What you will do:
Pictures in the data below are not part of the copy; transcribe everything else exactly.

"""

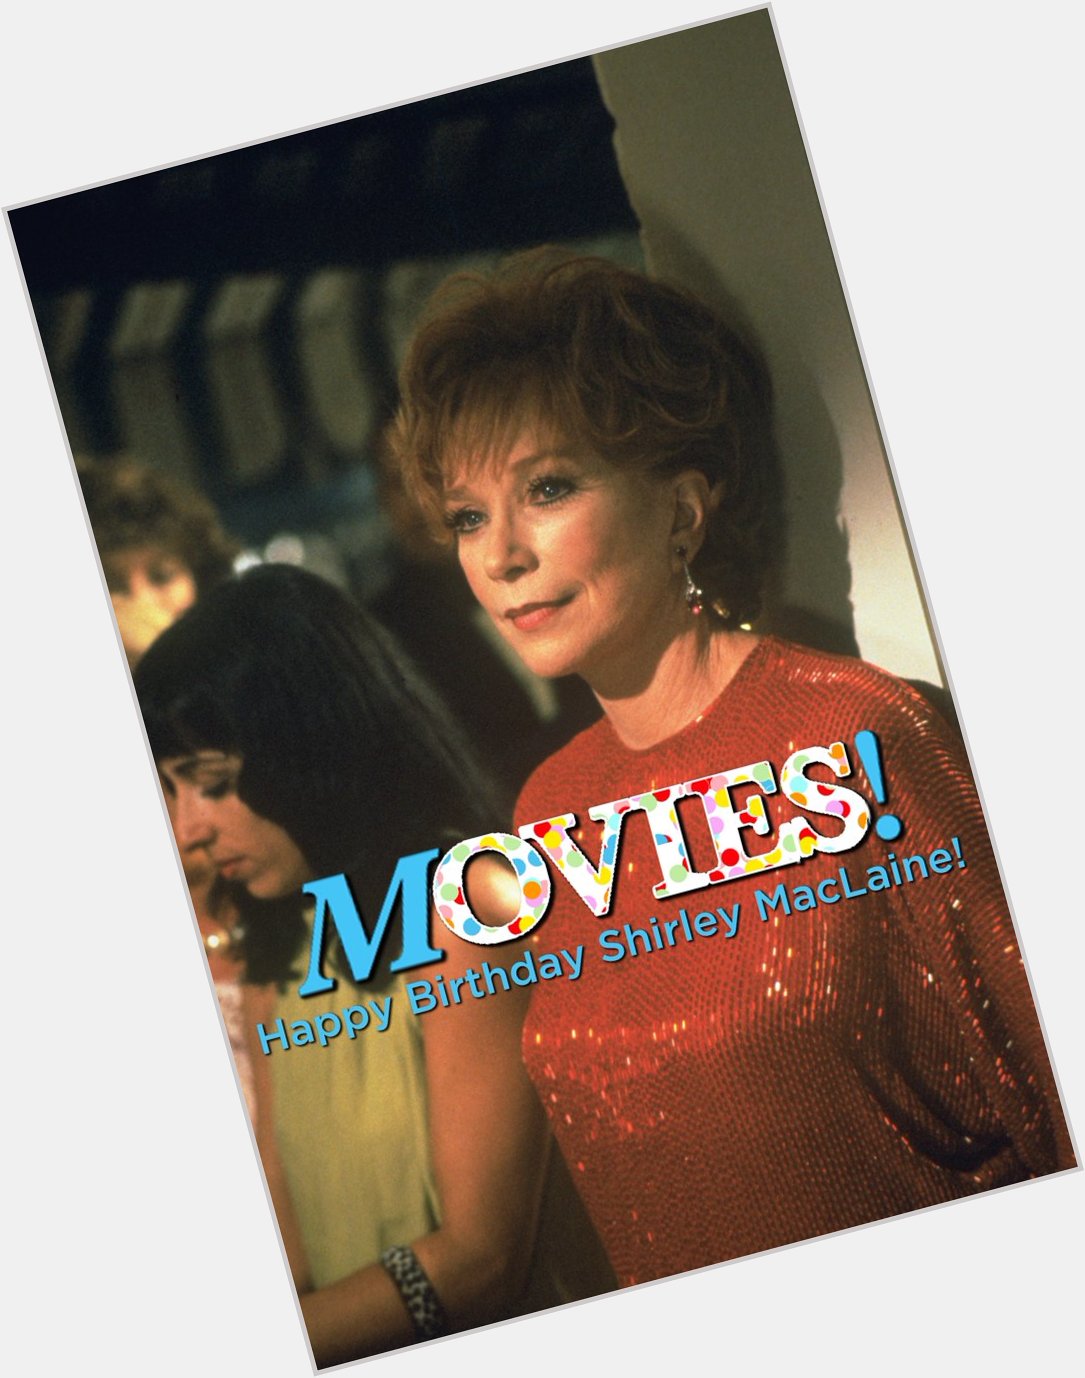 Happy Birthday Shirley MacLaine!

Know what film this is from? 
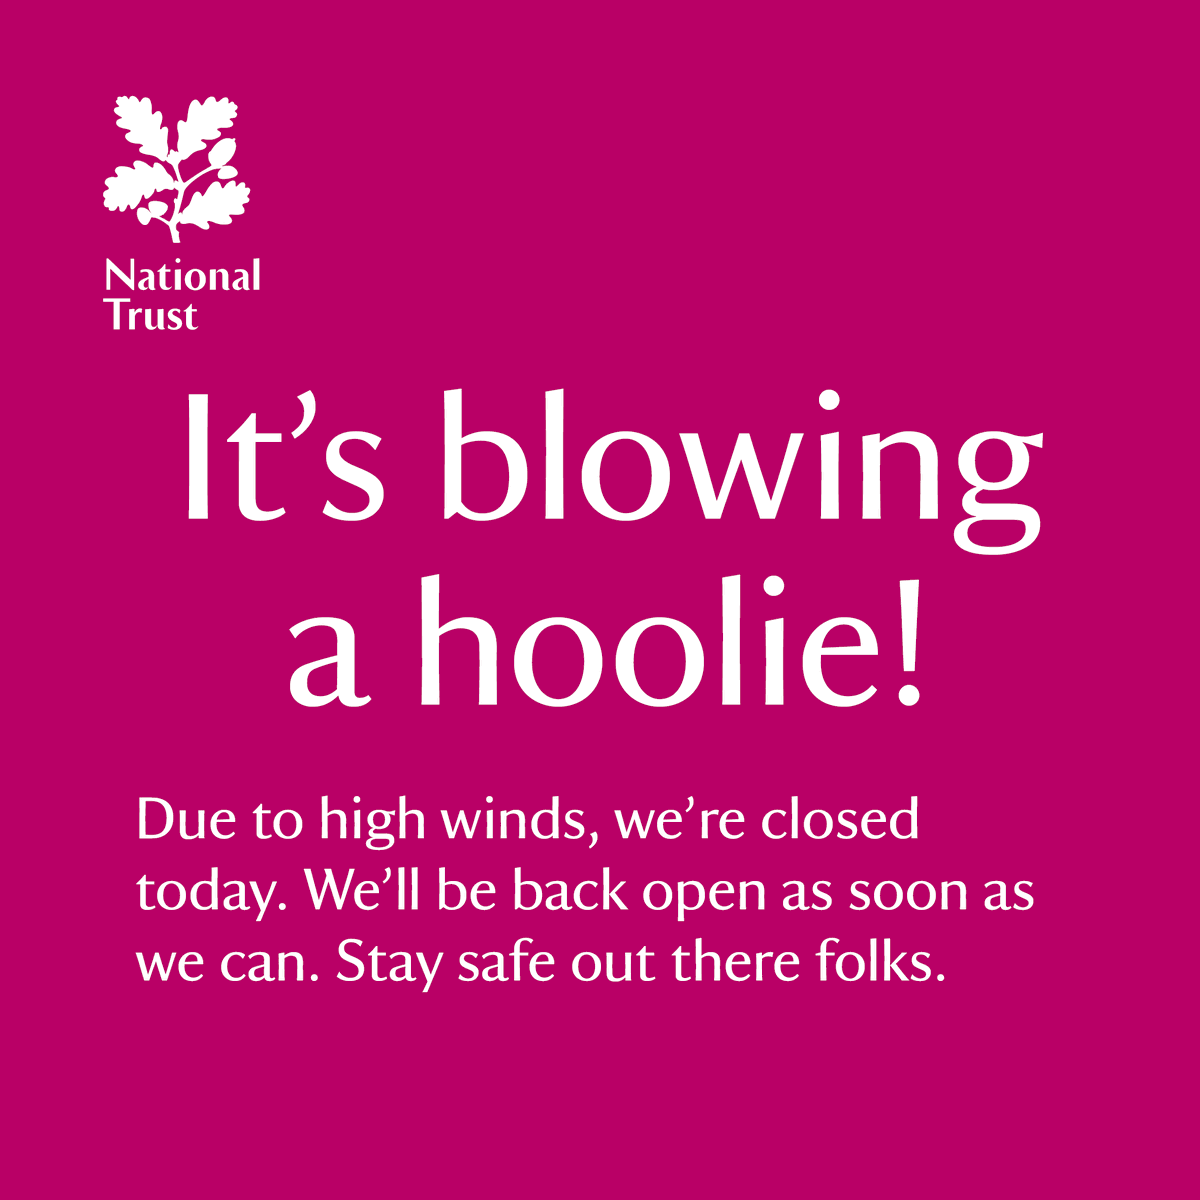 Due to high winds, Hidcote has had to close early today, Monday 15 April. Thank you for your understanding.
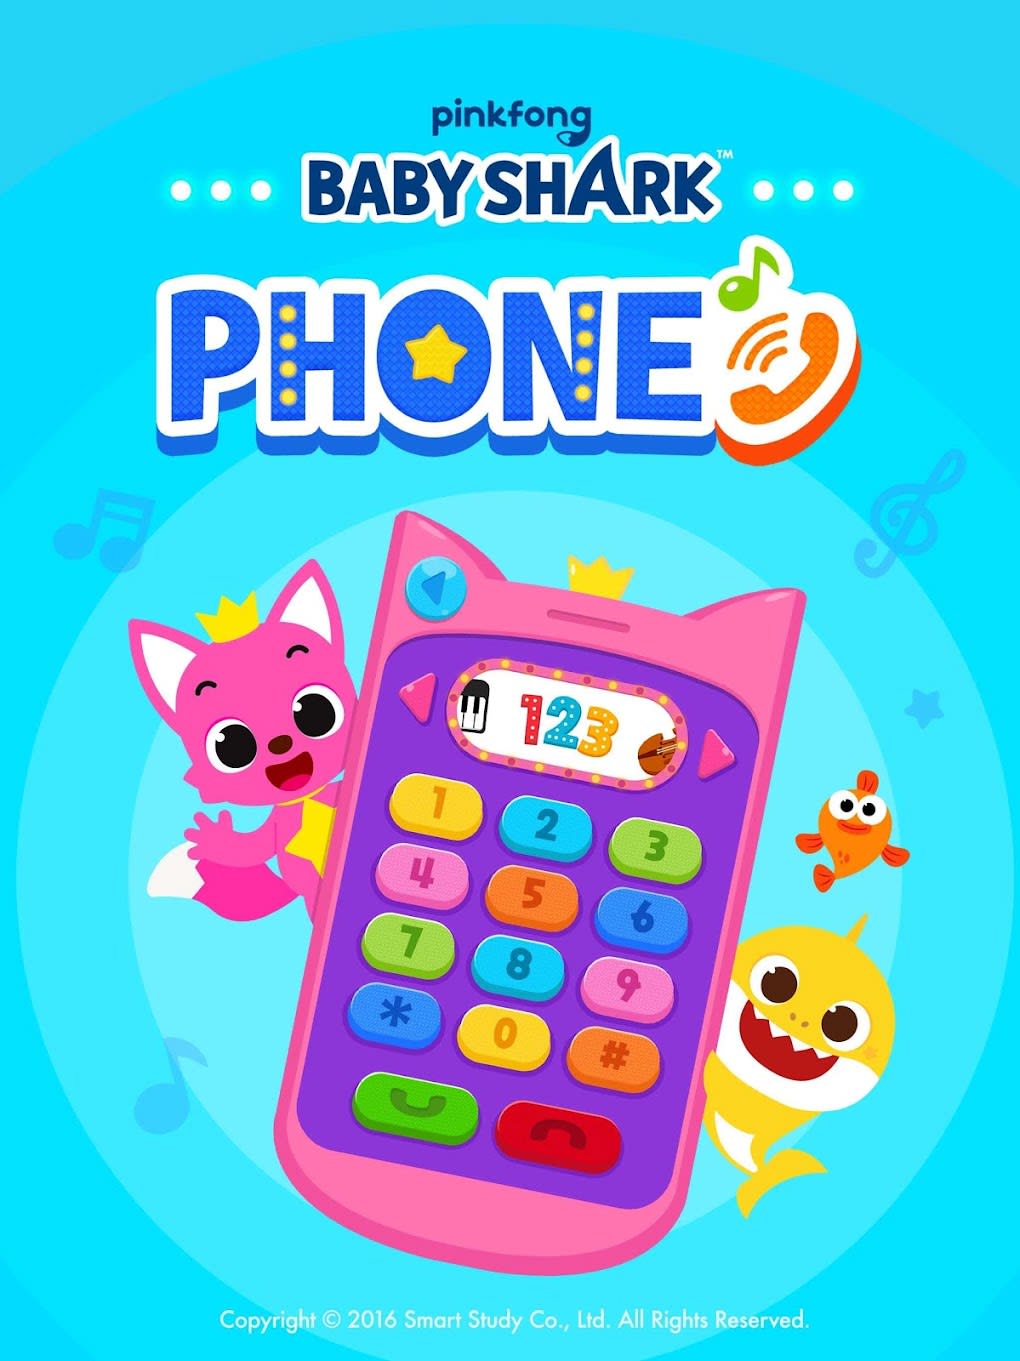 Play Pinkfong Baby Shark: Kid Games Online for Free on PC & Mobile
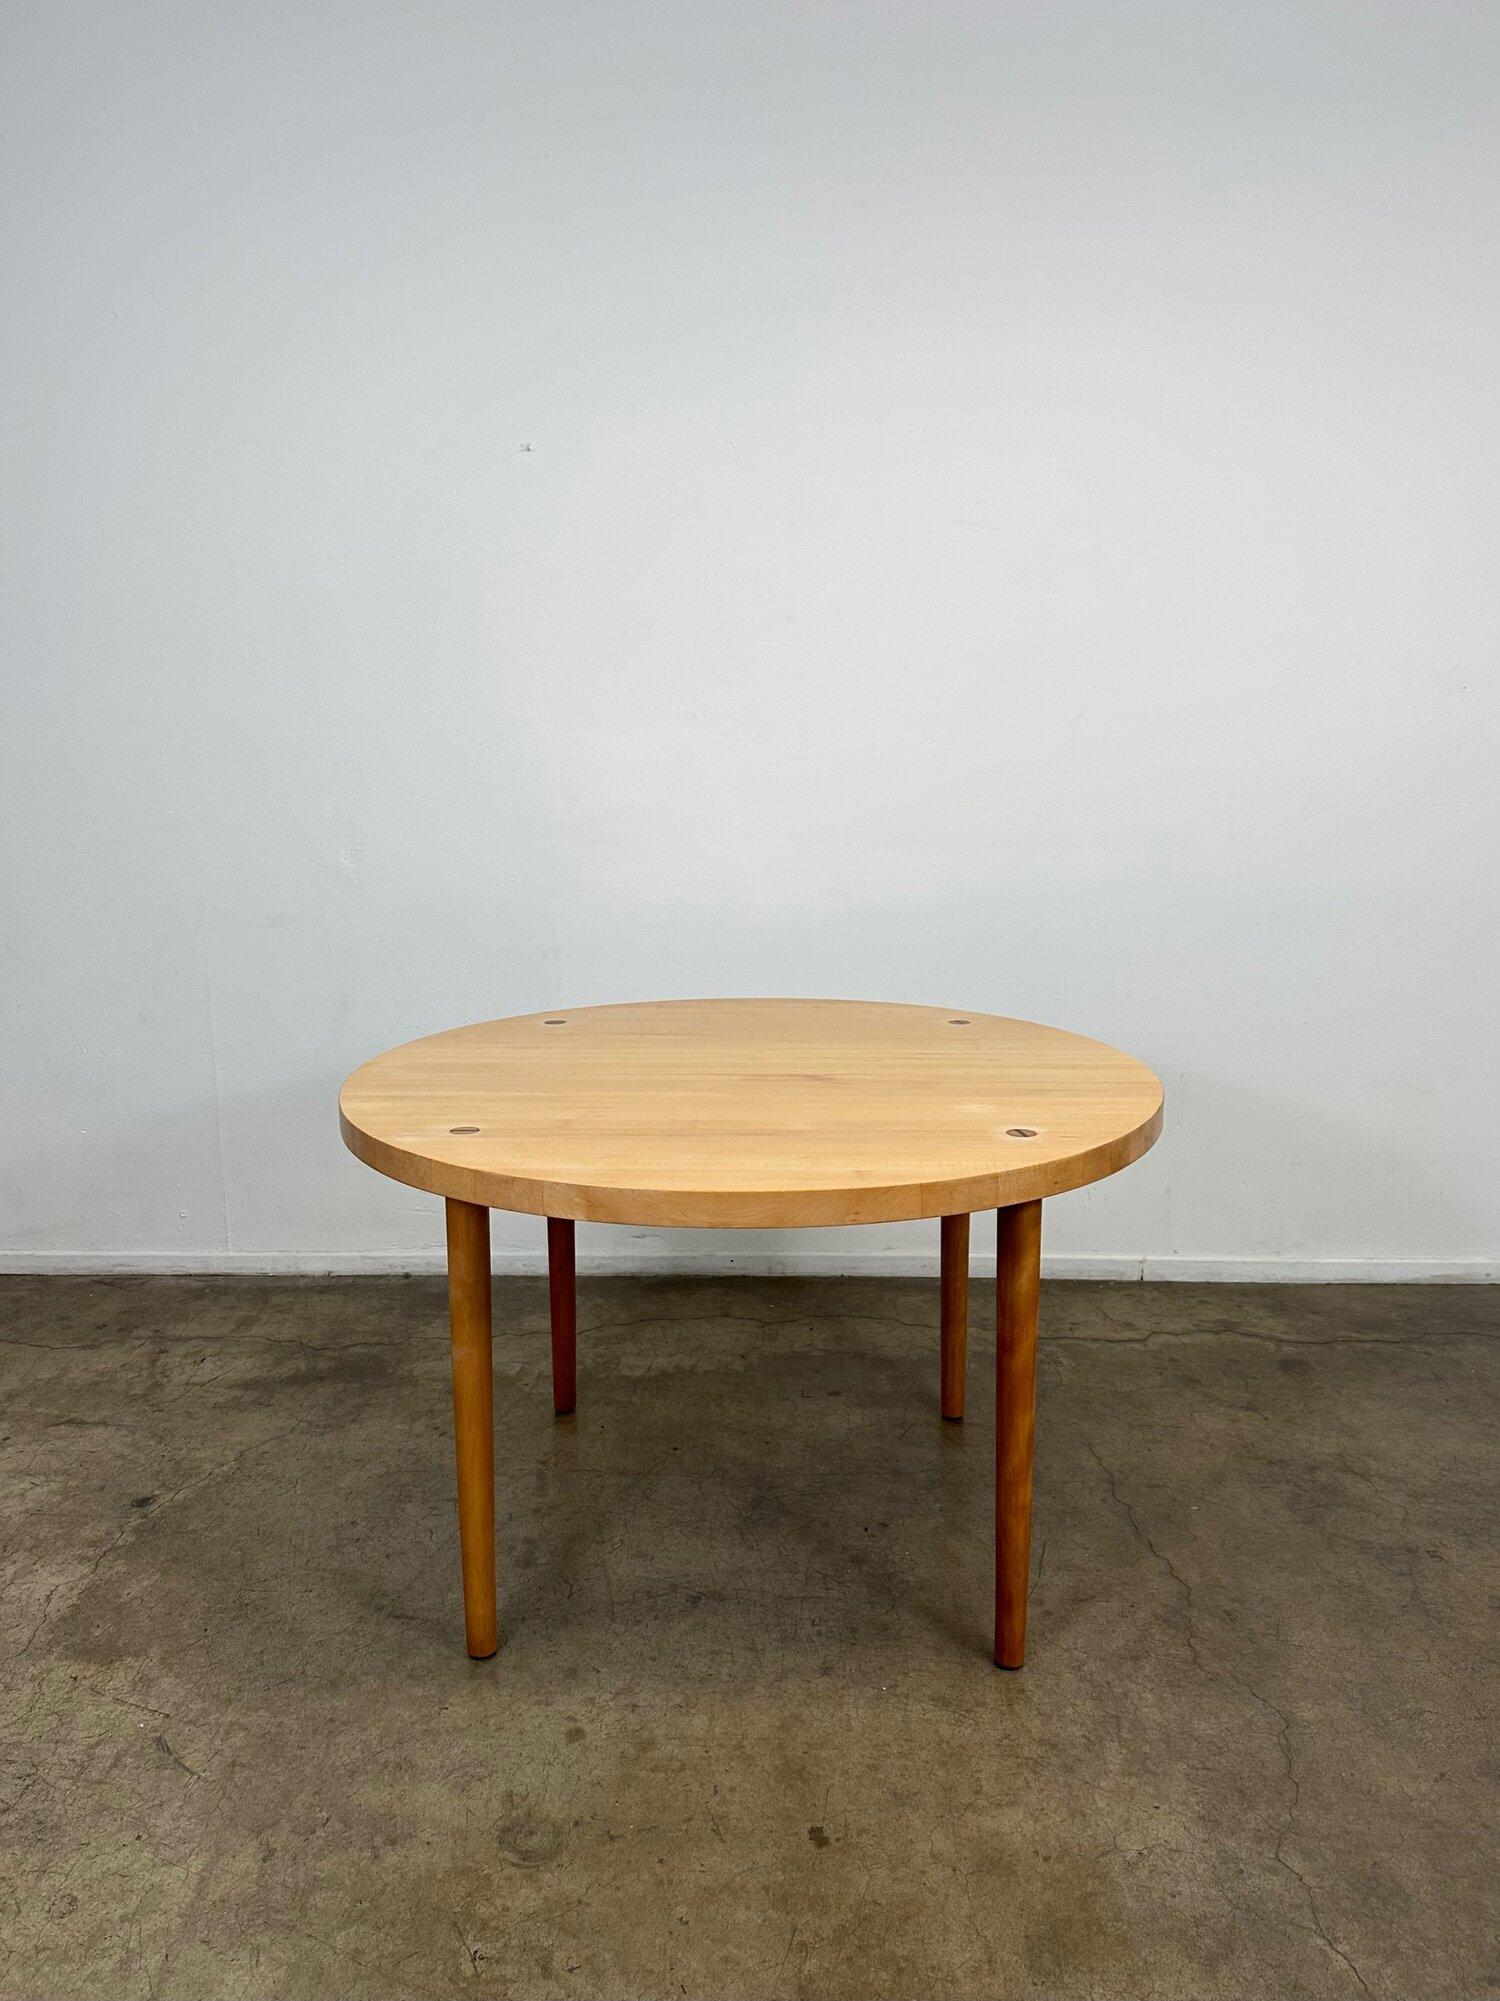 W48 H29.5. KNEE CLEARANCE 27.

Solid maple dining table circa 1960s designed by Claud Bunyard for Design Research. Item offers high quality materials with a minimalistic design. Very subtle inset rosewood on surface adds both a flair of detail and

"""

Solution to the exercise:
 Happy Birthday Shirley MacLaine!

Know what film this is from? 
 Due to high winds, Hidcote has had to close early today, Monday 15 April. Thank you for your understanding.
 Play Pinkfong Baby Shark: Kid Games Online for Free on PC & Mobile
 W48 H29.5. KNEE CLEARANCE 27.

Solid maple dining table circa 1960s designed by Claud Bunyard for Design Research. Item offers high quality materials with a minimalistic design. Very subtle inset rosewood on surface adds both a flair of detail and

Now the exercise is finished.